### INFORMATION PROVIDED
· · · · · · ·

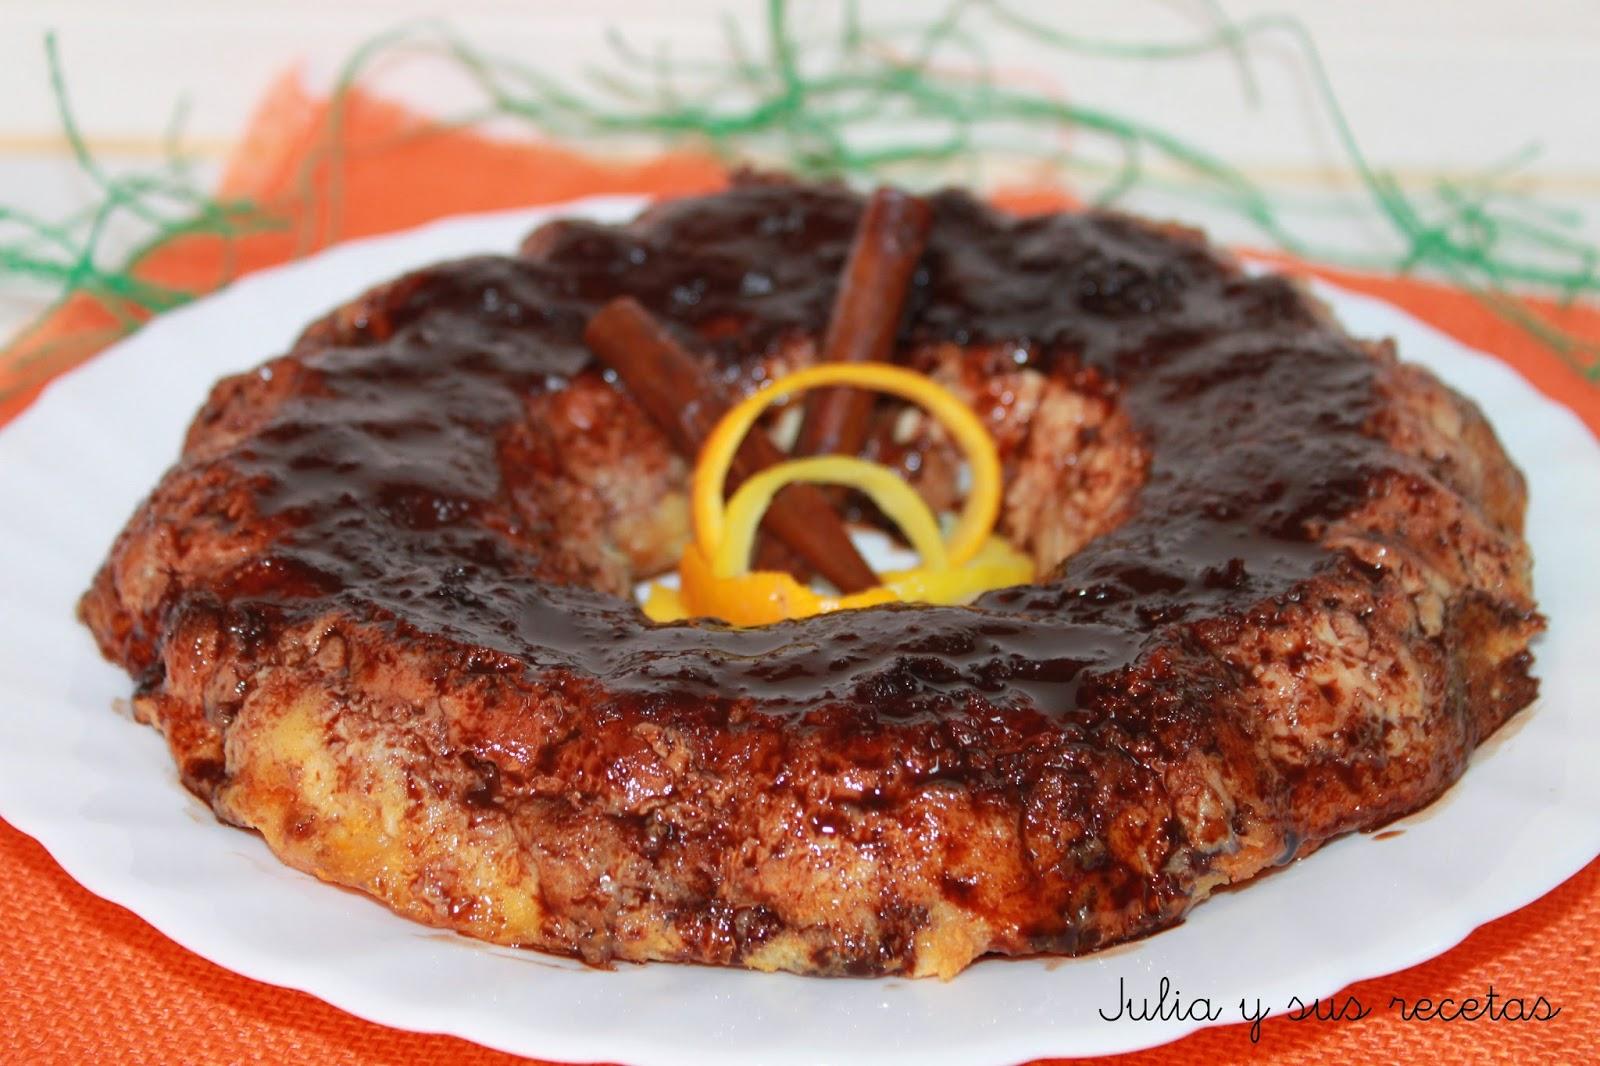 Pudin de pan con sirope de chocolate. Julia y sus recetas
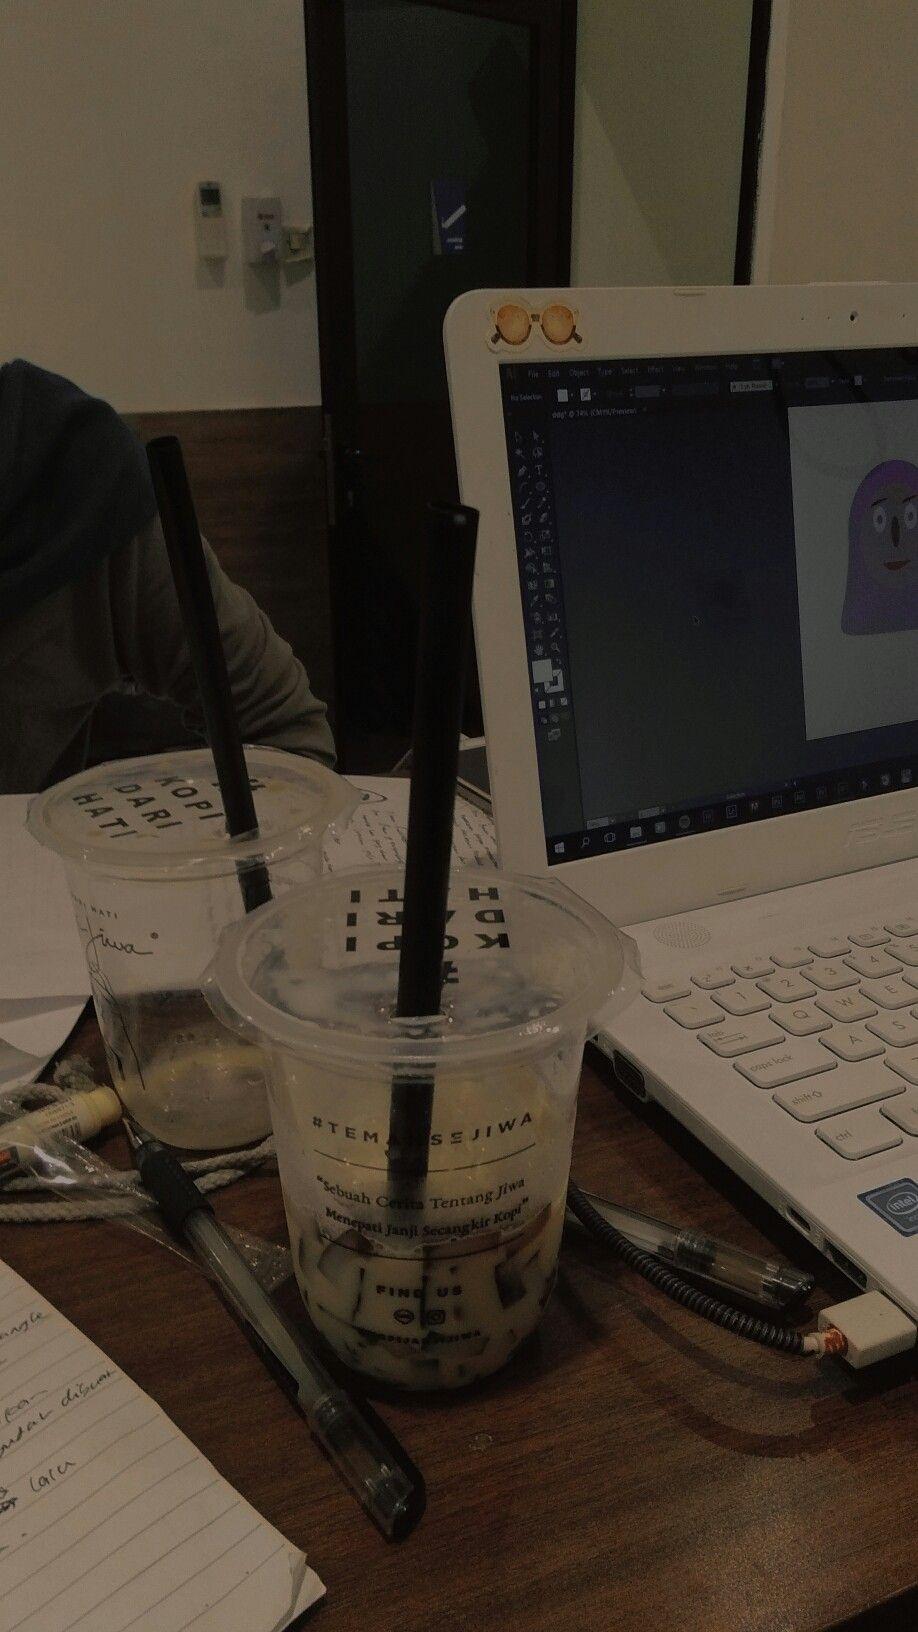 Janji Jiwa Minuman Smoothies Karya Seni Kopi Hari Hujan
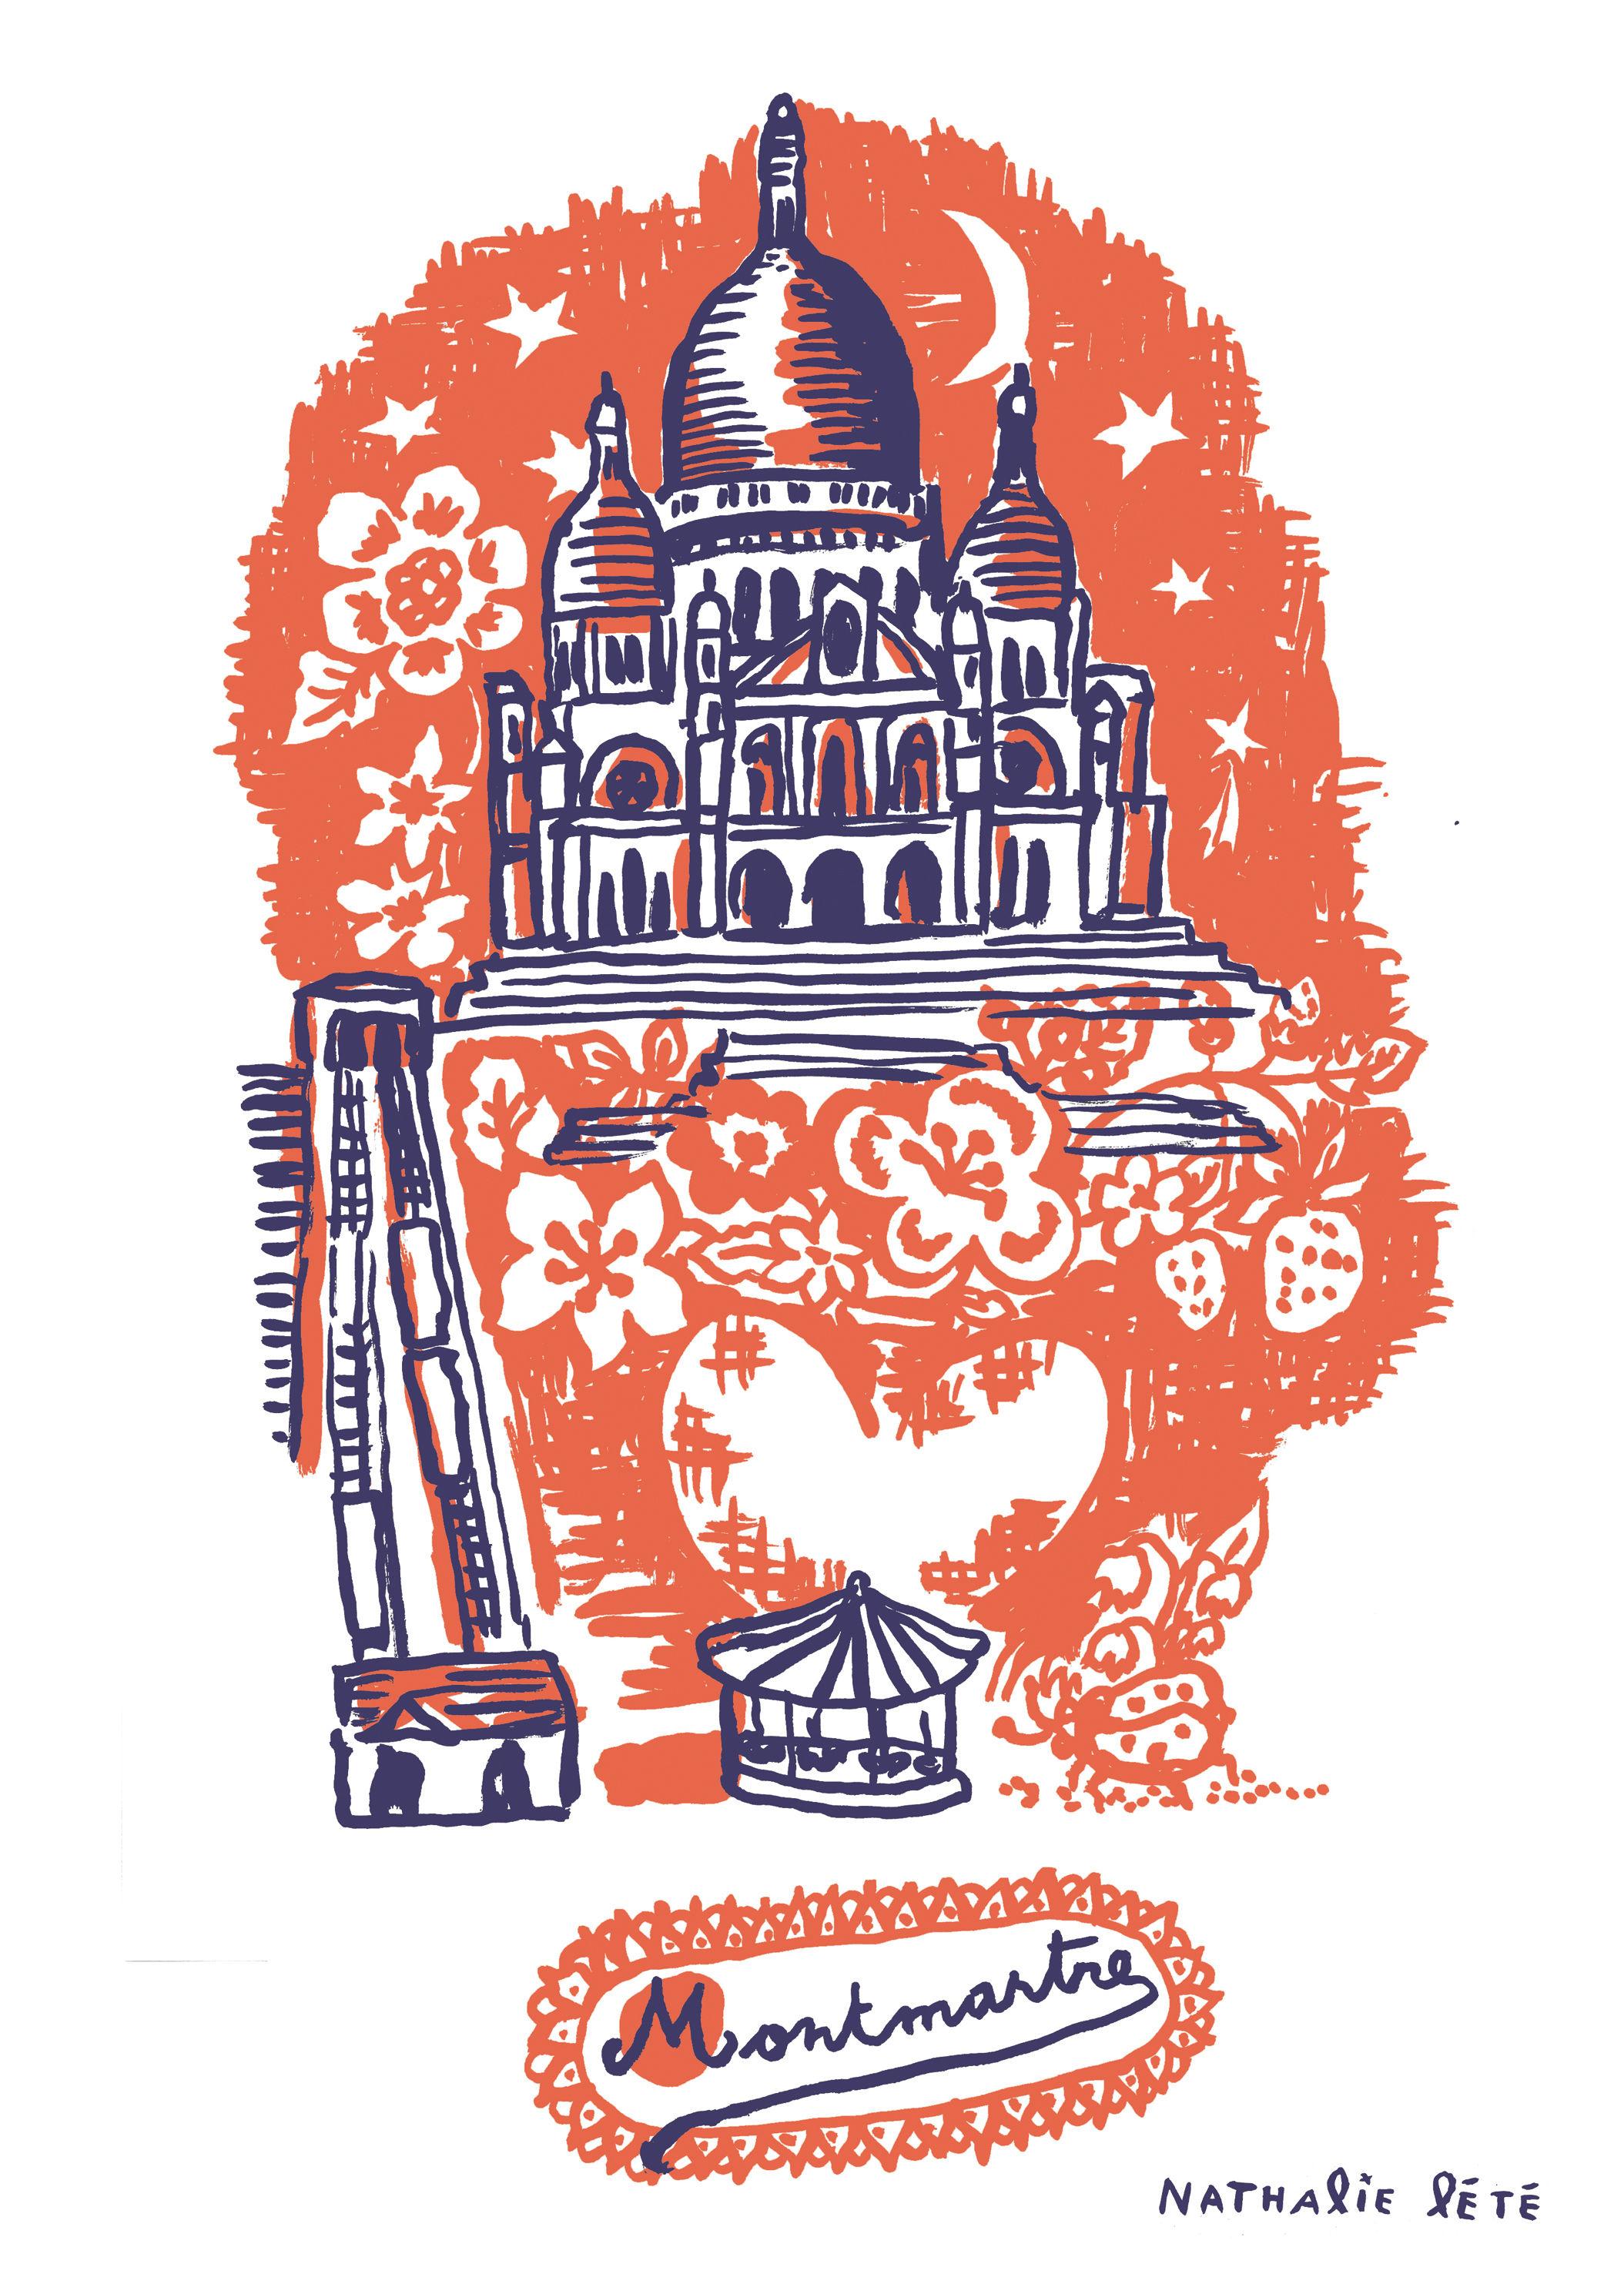 Interni - Per bambini - Sticker Montmartre - 25 x 35 cm di Domestic - Arancione - Vinile

· · · · · · ·

### WORK REQUIRED
Reproduce every line of the material precisely, omitting its pictures.

### ANSWER BOX
 Pudin de pan con sirope de chocolate. Julia y sus recetas
 Janji Jiwa Minuman Smoothies Karya Seni Kopi Hari Hujan
 Interni - Per bambini - Sticker Montmartre - 25 x 35 cm di Domestic - Arancione - Vinile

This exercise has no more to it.